A coupled technique to eliminate overall nonpolar and polar volatile organic compounds from paint production industry

Volatile organic compounds (VOCs) emitted from their manufacturing have a high recycling value but contribute negatively to the environment. Paints as a significant source of VOCs could largely contribute to their emissions. This study employed a pilot scale system for recovery and elimination of highly concentrated VOCs (up to 1.1 × 106 μg m−3) from a paint packaging workshop, which uses the integrated adsorption-cryogenic condensation with photocatalytic oxidation (PCO). Over a 60-day continuous treatment period, average recovery efficiencies of 96.1%, 100%, 97.1% and 98.6% were achieved for aromatic hydrocarbons (AHs), aliphatic hydrocarbons (AlHs), halogenated hydrocarbons (HHs) and oxygenated VOCs (OVOCs), respectively.
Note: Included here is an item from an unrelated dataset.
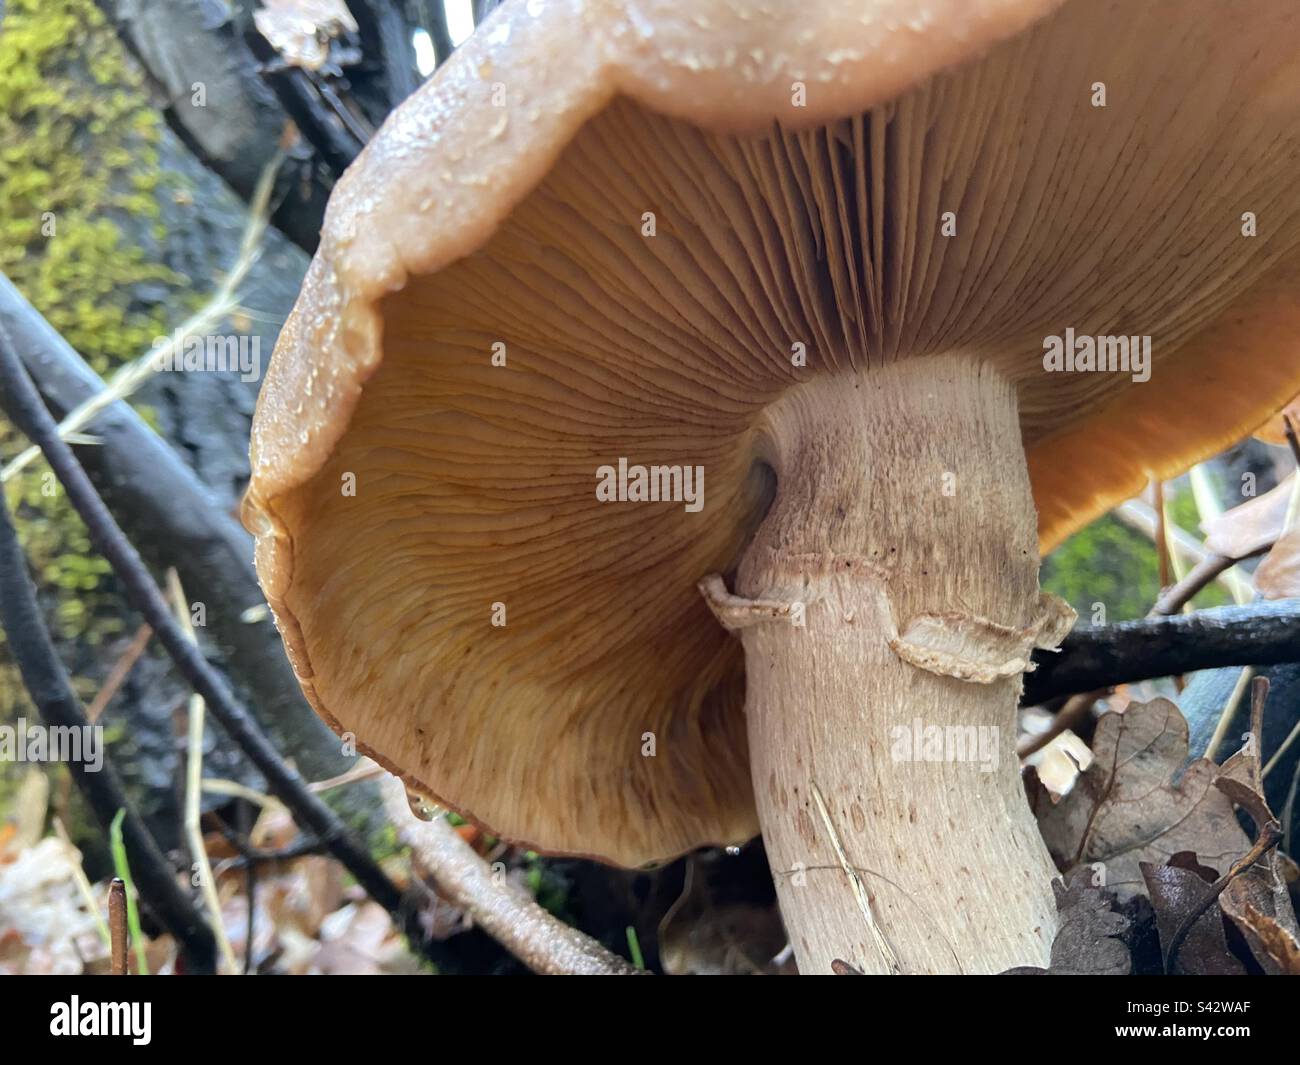 Honey mushroom Stock Photo

Data analysis and theoretical calculations confirmed that nonpolar VOCs were preferentially adsorbed, enriched and recycled by activated carbon adsorption (AHs, AlHs and OVOCs > HHs), while residual polar VOCs were subject to subsequent PCO decomposed with average removal efficiency of −10.2% to 79.4%. PCO displayed a higher degradation activity toward polar VOCs (OVOCs > AHs > AlHs). Furthermore, high non-cancer, cancer risks and occupational exposure cancer risks were found as exposed to the emitted VOCs, and a dramatic reduction of the risks were achieved after treatment. This coupled recovery-decontamination techniques illustrated an excellent recoverability to nonpolar VOCs and efficient decomposition activity to polar VOCs, to eliminate almost emitted VOCs, with promising potential application in atmospheric purification and improvement of occupational environments.